Apart from the images, reproduce all of the data word for word.
===== Data provided =====
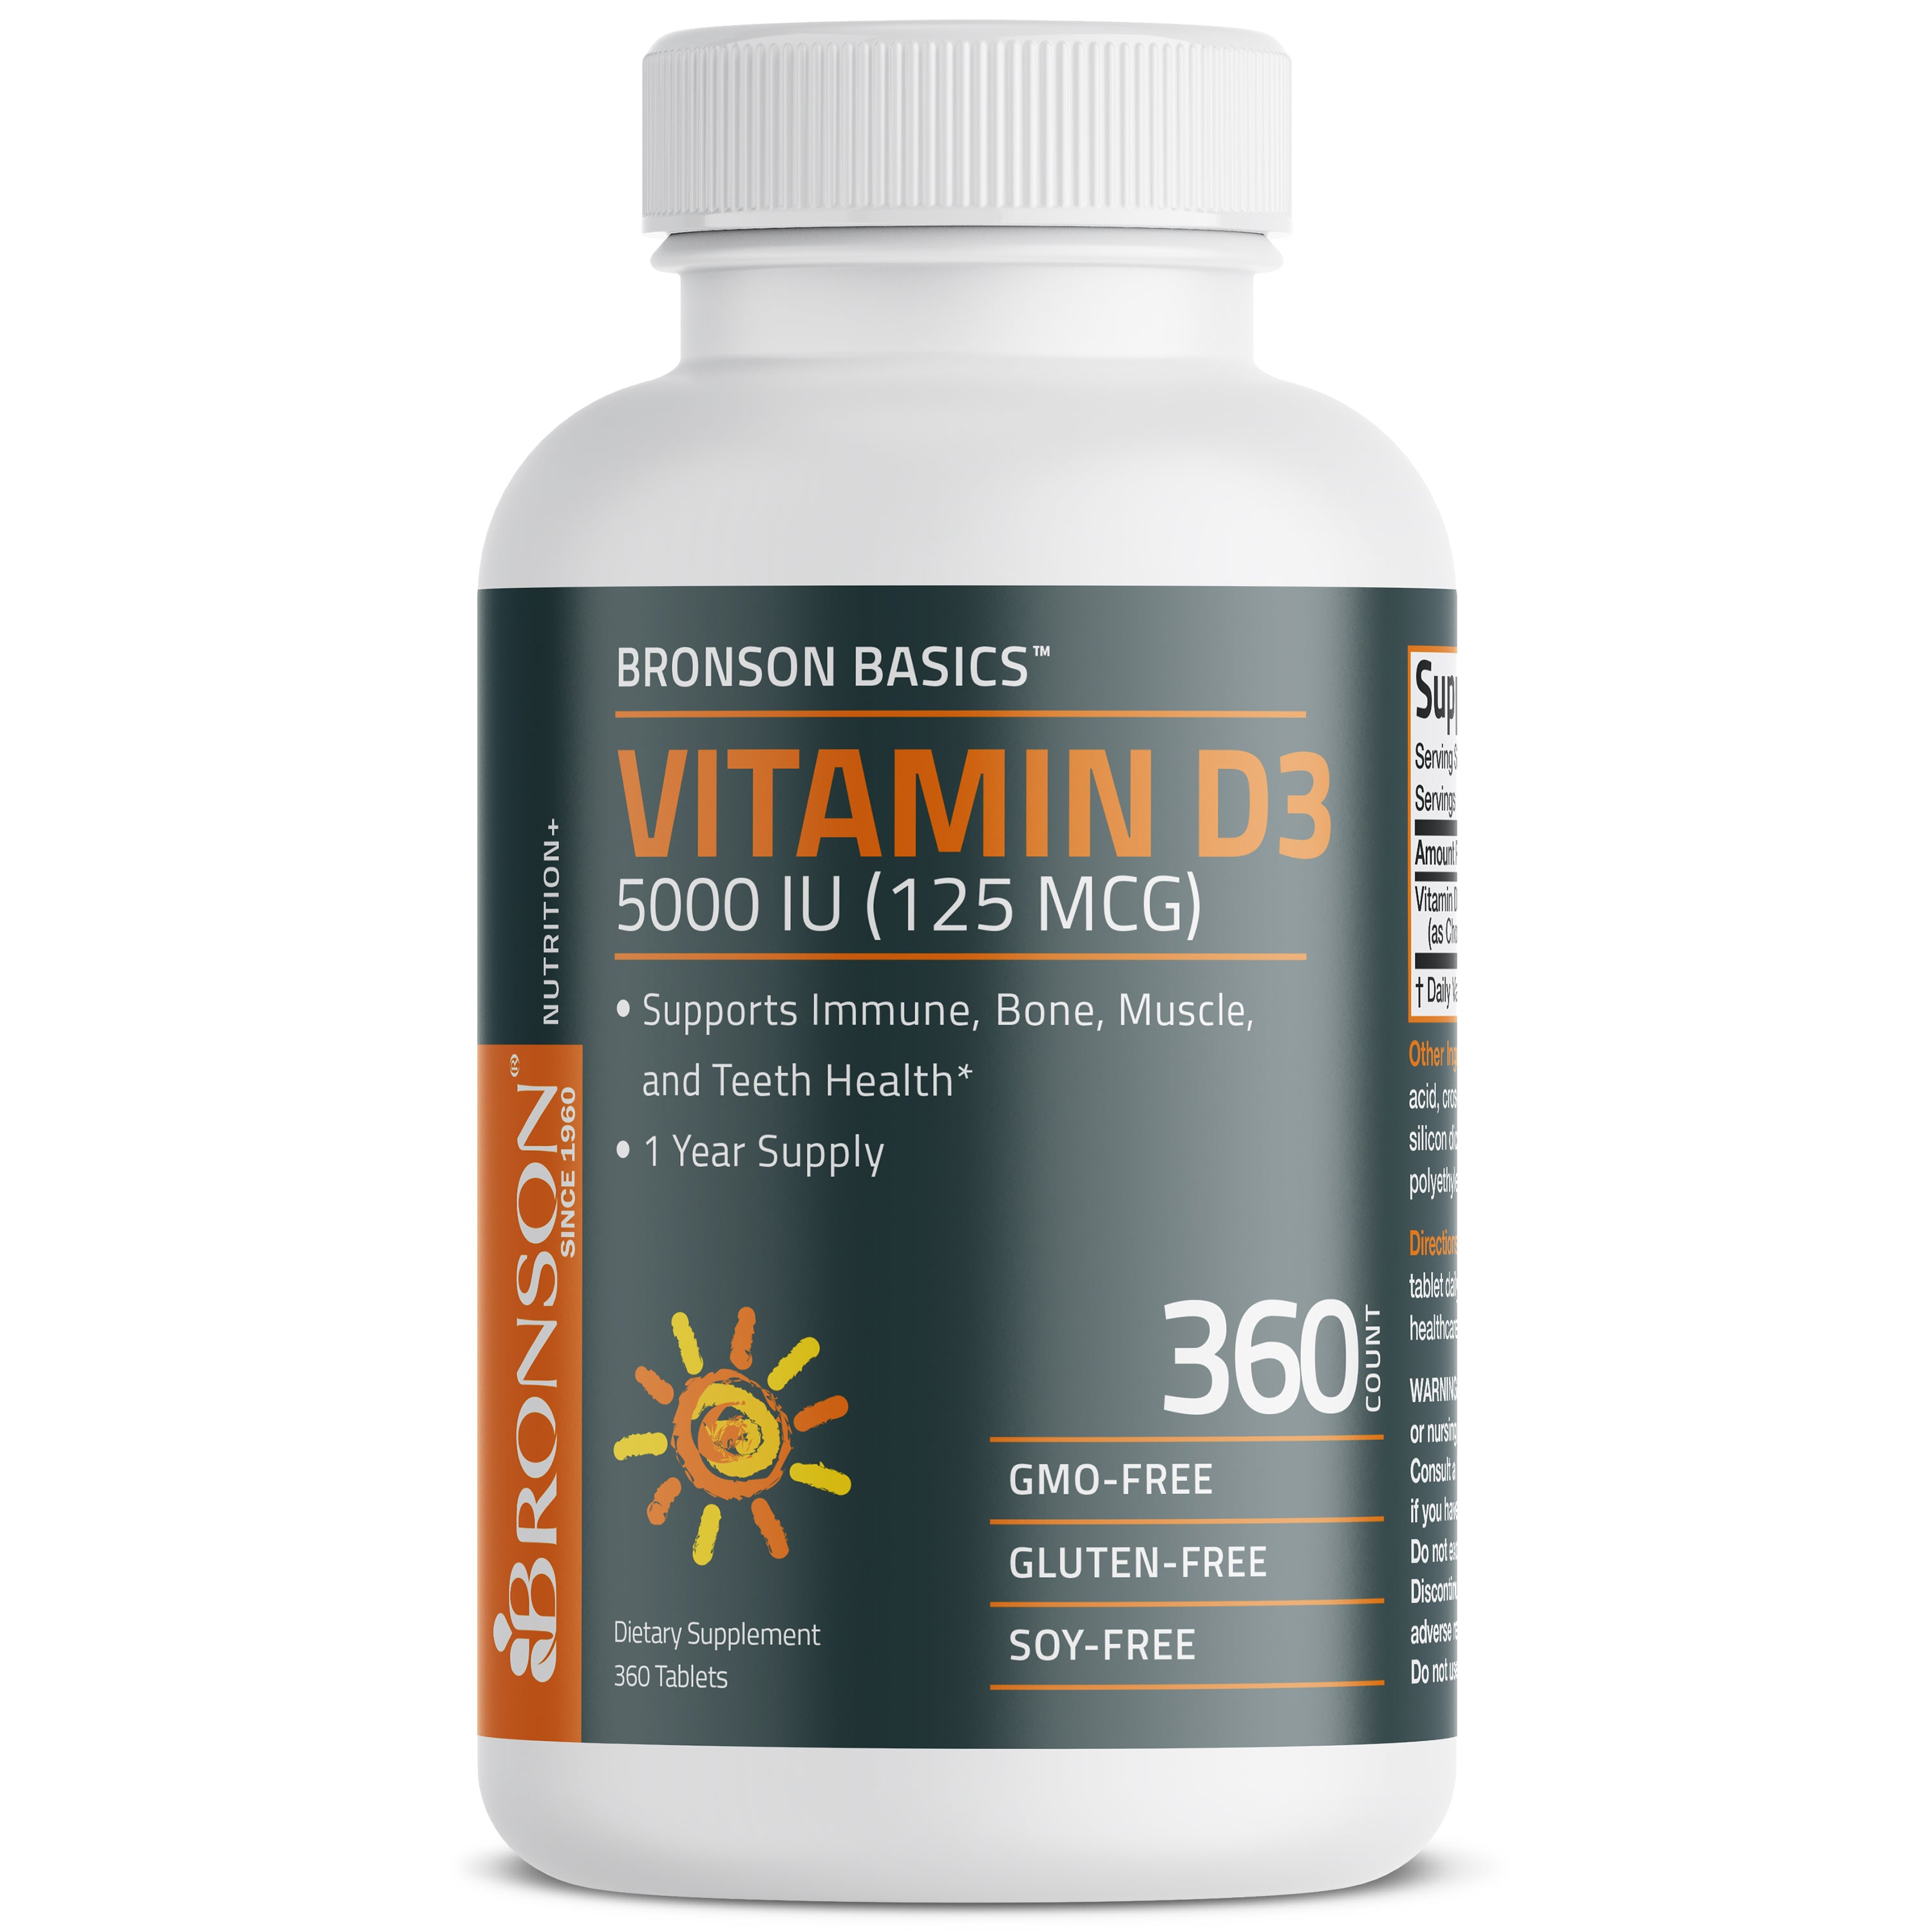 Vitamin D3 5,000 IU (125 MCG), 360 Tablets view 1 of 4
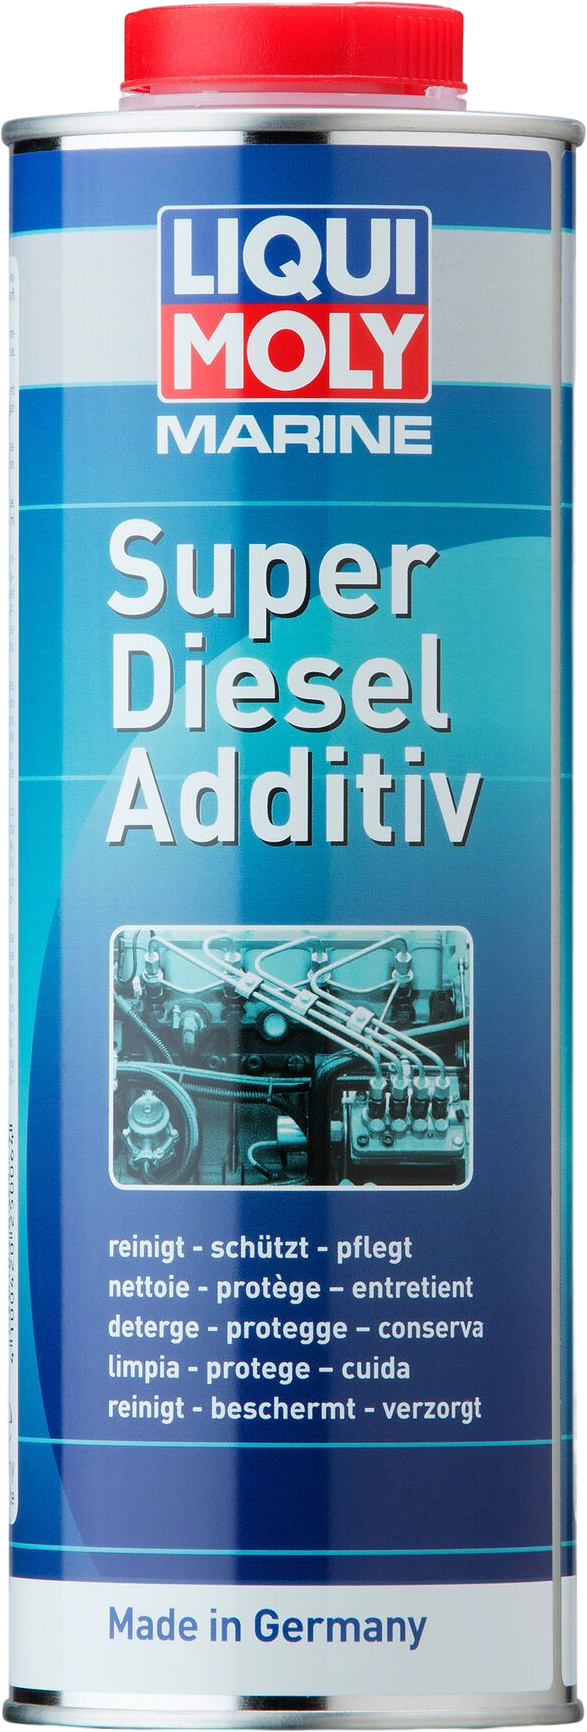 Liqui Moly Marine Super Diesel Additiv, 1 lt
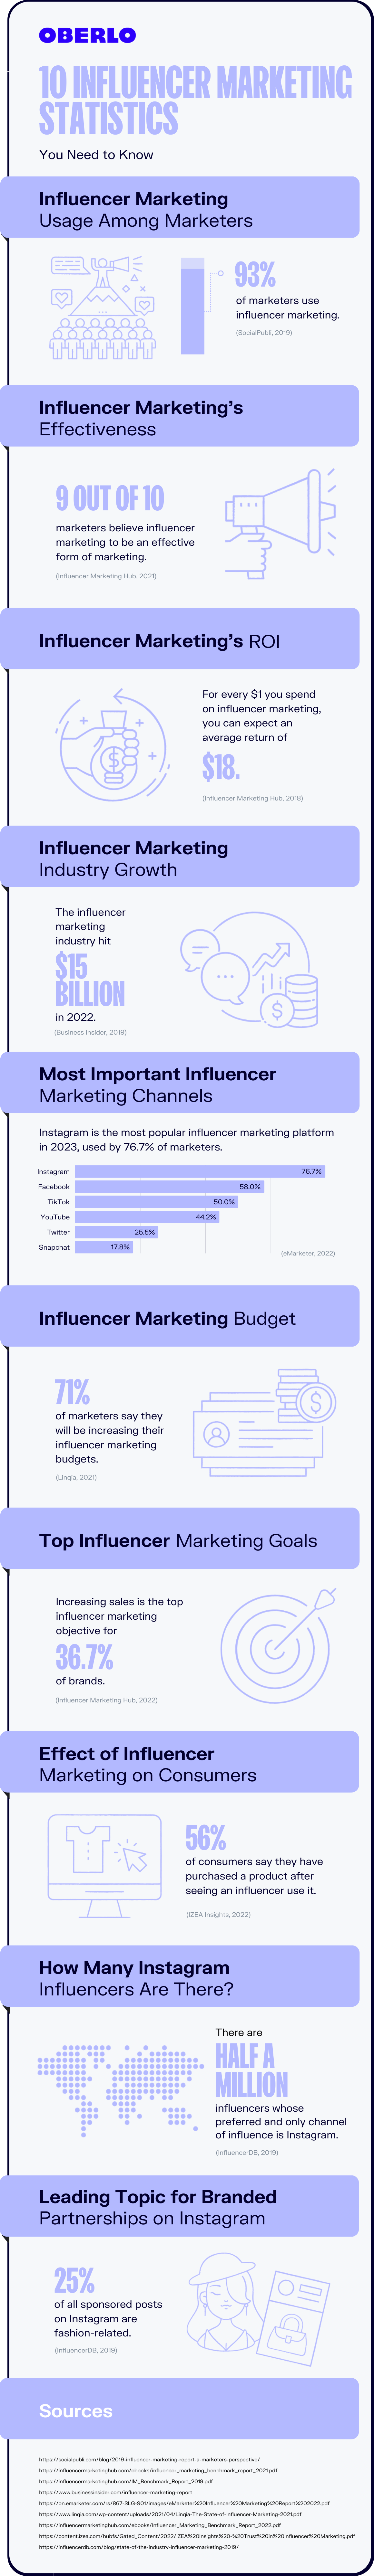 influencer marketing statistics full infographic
=====
Response for this exercise.
 Vitamin D3 5,000 IU (125 MCG), 360 Tablets view 1 of 4
 Liqui Moly Marine Super Diesel Additiv, 1 lt
 influencer marketing statistics full infographic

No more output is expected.